They come from 34 countries from Canada to Chile. Many speak English, many Spanish. Others speak only French or Portuguese. But language hasn’t been a barrier to their common goal.

Indeed there is a single voice, loud and clear, from union members, environmentalists, human rights activists, religious leaders, and indigenous peoples throughout the Western Hemisphere who are fighting the Free Trade Area of the Americas.

They have good reason to believe that FTAA will send jobs to the lowest-paying countries with the fewest — if any — labor and pollution standards. That new, cheap, unregulated factories will poison the air and water. That the poor will get poorer, and global corporations will make billions.

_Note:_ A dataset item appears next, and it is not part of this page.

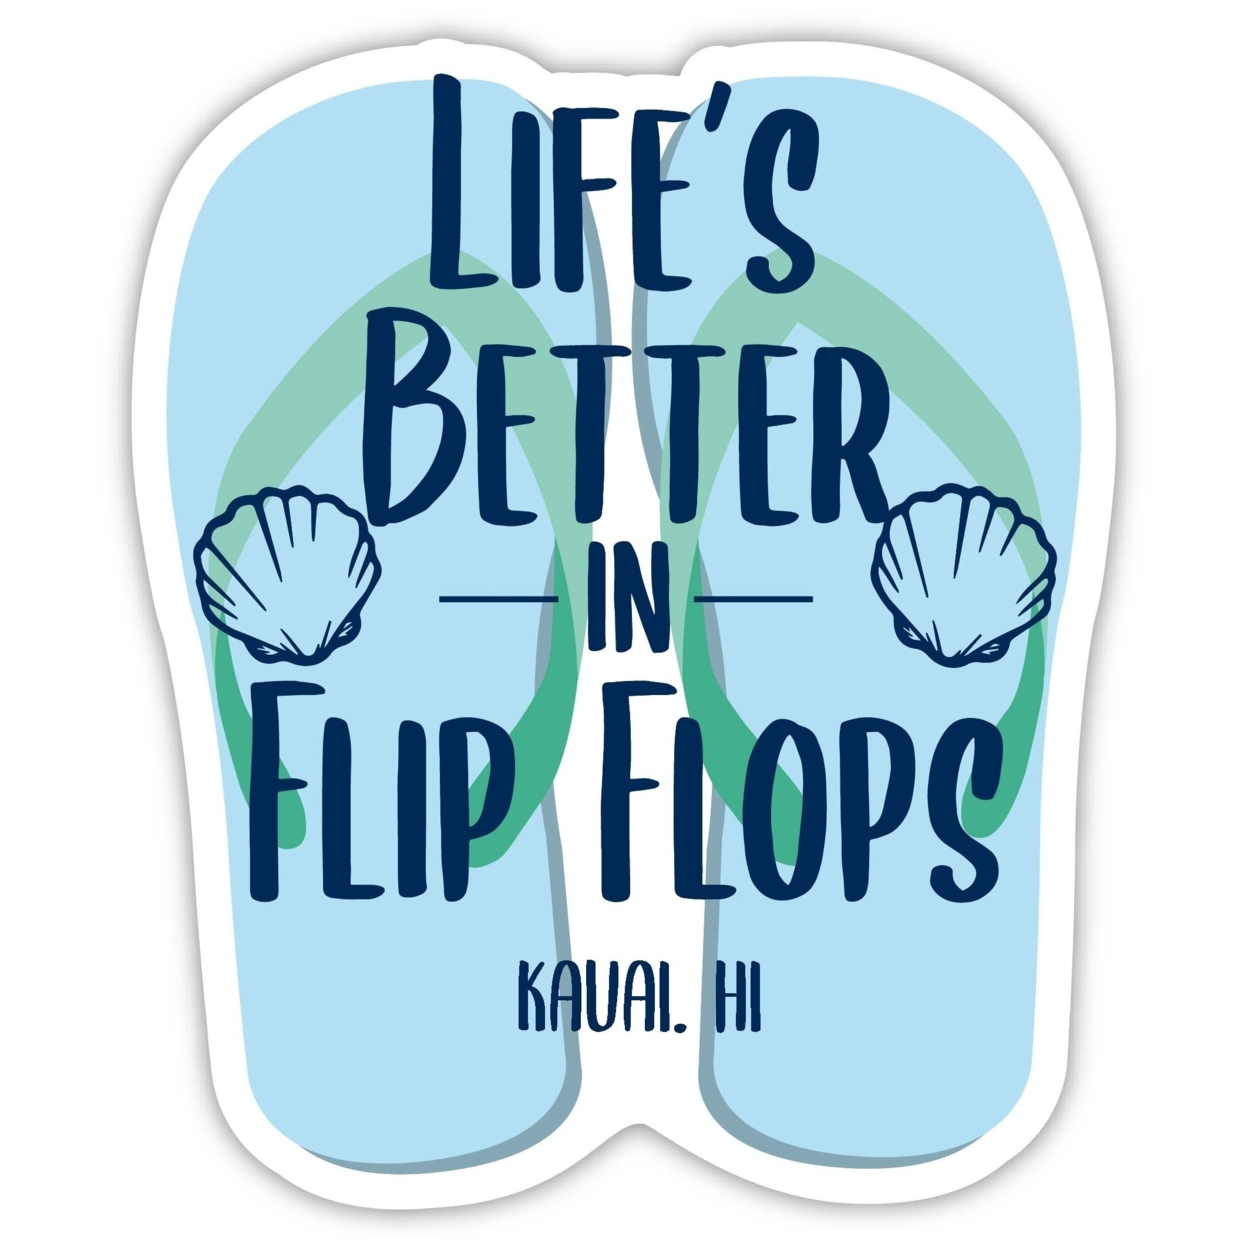 Kauai Hawaii Souvenir 4 Inch Vinyl Decal Sticker Flip Flop Design

After all, that’s the track record of NAFTA, the seven-year-old North American Free Trade Agreement between Canada, the United States and Mexico. And now, trade officials representing every Western Hemisphere country but Cuba have agreed to make the even more sweeping FTAA a reality by 2005.

“The FTAA represents a threat to the fragile democracies that make up the Americas,” IUE-CWA President Ed Fire said. “It is protectionism at its worst. It protects property rights over human and labor rights.”

Fire made his comments to a crowd of thousands of marchers in Quebec City on April 21, the day heads of state from all the involved countries met to further FTAA negotiations.

Fire, who was asked to represent the AFL-CIO at the event, implored workers to continue their fight. “We cannot allow greed to win out over humanity,” he said. “We cannot allow FTAA to be imposed in the absence of democratic protections for workers and their unions.”

NAFTA’s Legacy
The impact on Mexico under NAFTA is reason enough to fight FTAA, activists say.

Since NAFTA’s creation in 1994, 8 million Mexicans have been pushed from the middle class into poverty. Many have been forced to leave their homes and families to move to new factory towns, where they live in cramped housing in filthy, polluted communities.

Some 28,000 small businesses in Mexico have been shut down due to competition from multinational giants. A million more Mexicans now work below the minimum wage of $3.40 a day.

In the United States, Fire said more than 760,000 American workers have lost jobs to Mexico. For instance, a General Electric appliance plant recently moved 733 jobs from Bloomington, Ind., to Mexico. In Indiana, workers earned $24 an hour, plus benefits. In Mexico, workers are paid $2 an hour.

“GE wants world trade where it plays by its own rules, not democratic rules,” Fire said in Quebec. “The company made $12 billion in net profits last year, but it still isn’t enough. GE wants to continue its race-to-the-bottom game of global exportation of jobs and global exploitation of workers. And it wants the FTAA to help it achieve that goal. And we’re here today to say no.”

Speaking to 200 IUE-CWA members in Dayton, Ohio, the next day, Fire said FTAA is yet another piece of President George W. Bush’s anti-labor agenda.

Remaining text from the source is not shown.